Loring setzte sich auf die Schreibtischkante. »Ich will damit beginnen, daß ich Sie beide frage, ob Sie je das Wort Nimrod gehört haben?«

»Nimrod ist ein hebräischer Name«, antwortete Matlock. »Altes Testament. Ein Nachkomme von Noah, Herrscher von Babylon und Ninive. Legendäre Geschicklichkeit als Jäger, was meist die wichtigere Tatsache verdeckt, daß er die großen Städte in Assyrien und Mesopotamien gegründet oder gebaut hat.«

Loring lächelte. »Noch einmal sehr gut, Professor.

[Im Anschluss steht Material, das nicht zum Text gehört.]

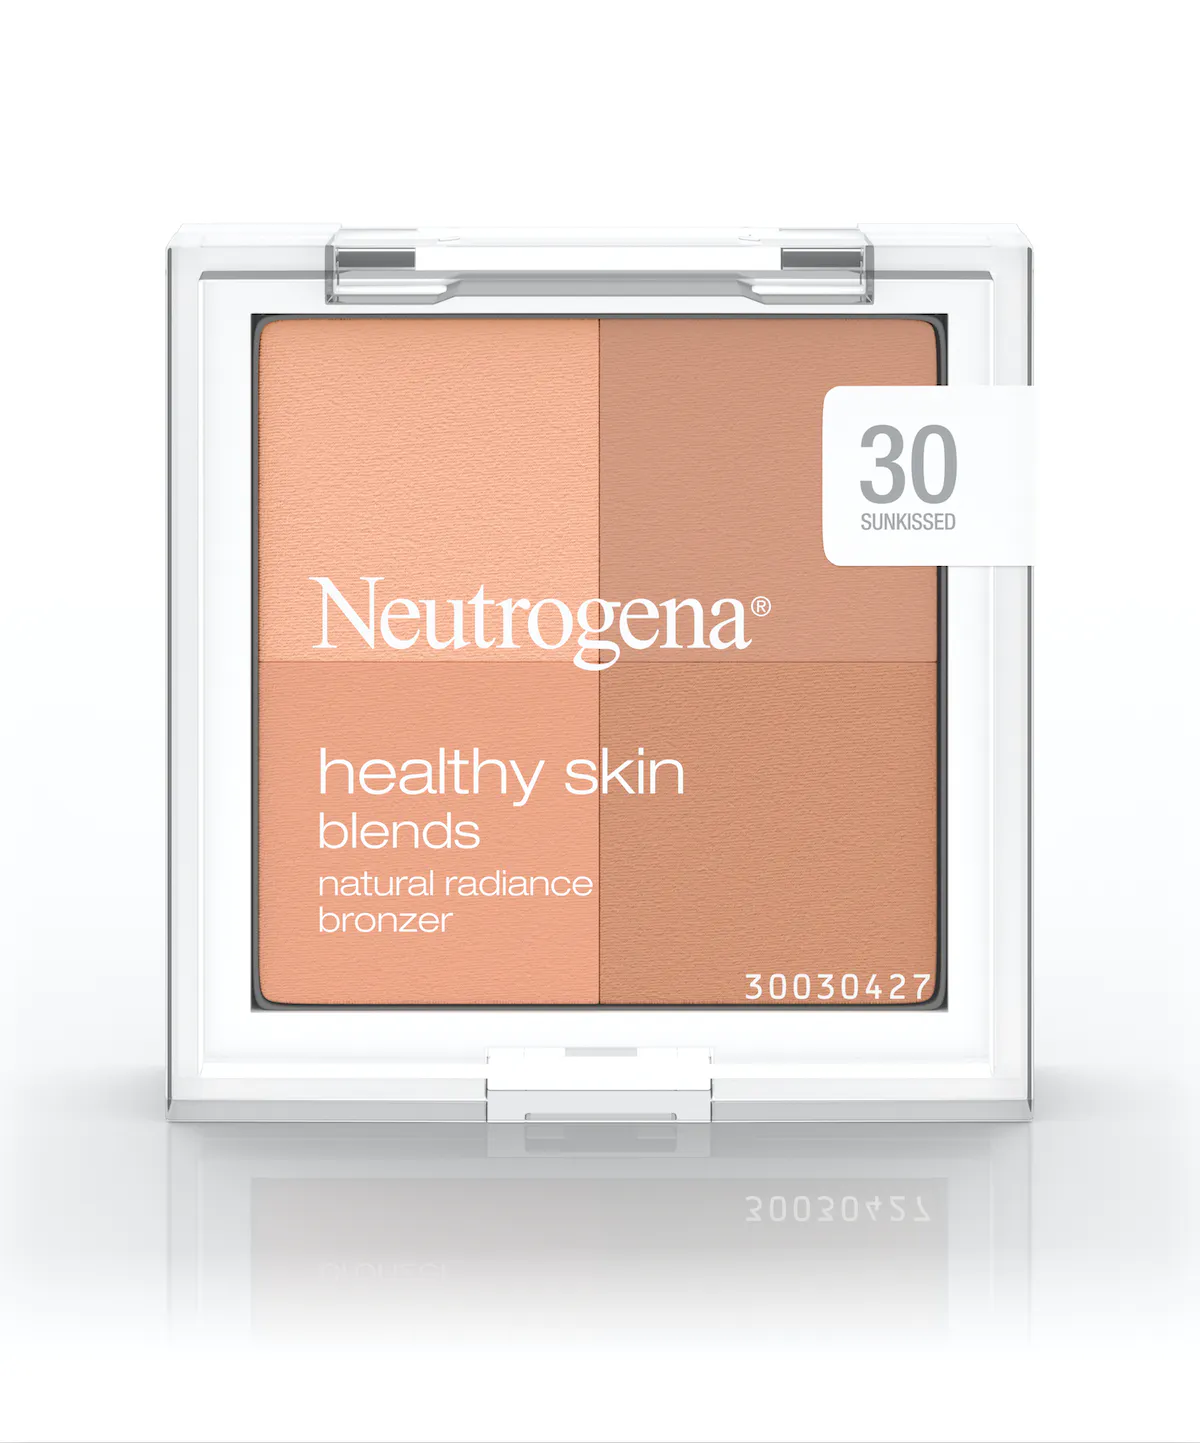 Neutrogena Healthy Skin Blends Blush Palette
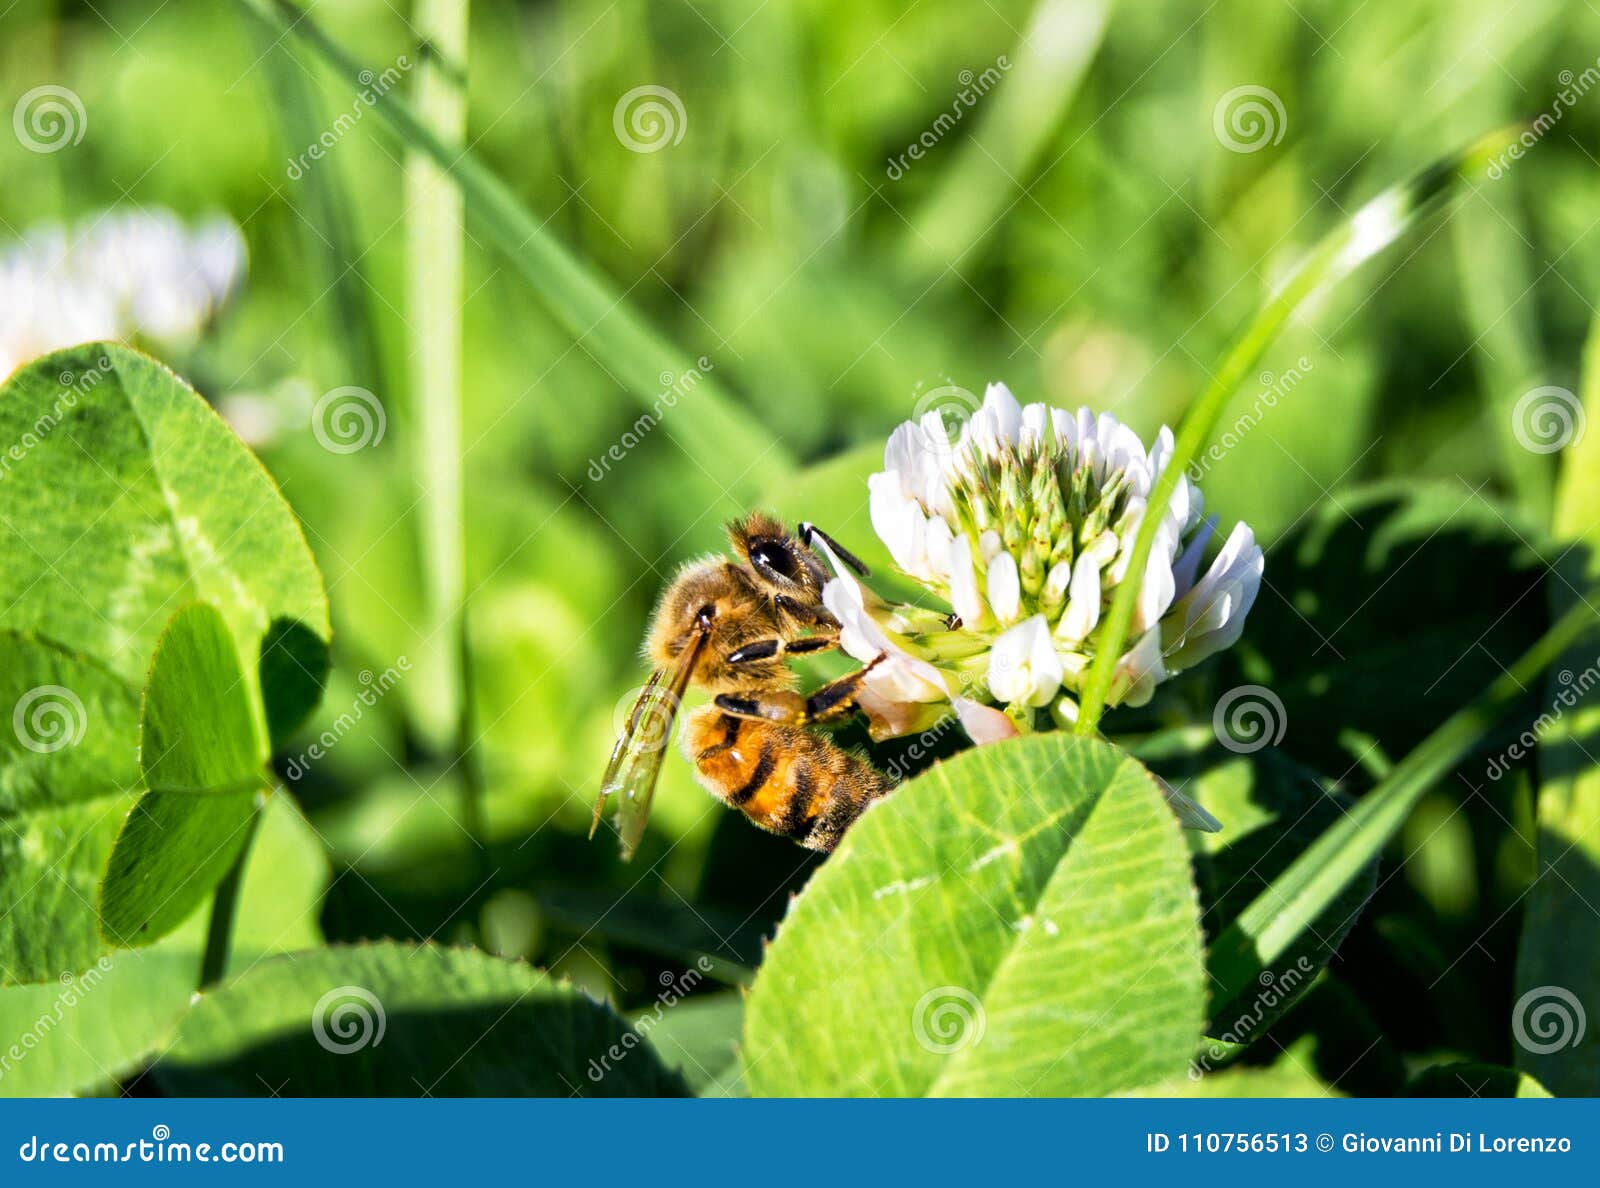 western honey bee on a flower - apis mellifera, apidae, hymenoptera, insecta

Ein Jäger und ein Erbauer. Aber ich meine das mehr gegenwartsbezogen.«

»Dann muß ich die Frage verneinen. Sie, Sam?«

Kressel ging zu seinem Platz zurück. Er hielt sein Glas in der Hand. »Ich wußte nicht einmal das, was Sie gerade gesagt hatten. Ich dachte, das sei vielleicht eine Automarke oder so etwas.«

»Dann will ich Ihnen ein paar Einzelheiten nennen ... Ich will Sie nicht mit Rauschgiftstatistiken langweilen; ich bin sicher, daß Sie tagtäglich damit bombardiert werden.«

»Tagtäglich«, nickte Kressel.

»Aber es gibt da vielleicht eine geographische Statistik, die Ihnen unbekannt ist. Die Konzentration des Rauschgifthandels in den Neuengland-Staaten wächst wesentlich schneller als in irgendeinem anderen Teil des Landes. Das ist wirklich verblüffend. Seit 1968 sind die Aktivitäten der Behörden laufend zurückgegangen ... Lassen Sie mich versuchen, eine geographische Beziehung herzustellen. In Kalifornien, Illinois, Louisiana hat sich die behördliche Kontrolle so weit verbessert, daß wenigstens das Wachstum beeinträchtigt wird. Mehr können wir nicht gut erhoffen, solange die internationalen Verträge so schwach sind. Aber nicht in Neuengland. Hier hat die Ausweitung ungeahnte Maße angenommen. Und in erster Linie sind die Universitäten betroffen.«

»Woher wissen Sie das? fragte Matlock.

»Da gibt es Dutzende von Möglichkeiten, aber immer zu spät, um die Verteilung zu verhindern. Informanten, markierte Lieferungen von Ursprungsorten im Mittelmeerbereich, in Asien und Lateinamerika, Einzahlungen auf Schweizer Konten – aber hier handelt es sich wirklich um Geheimmaterial.« Loring sah Kressel an und lächelte.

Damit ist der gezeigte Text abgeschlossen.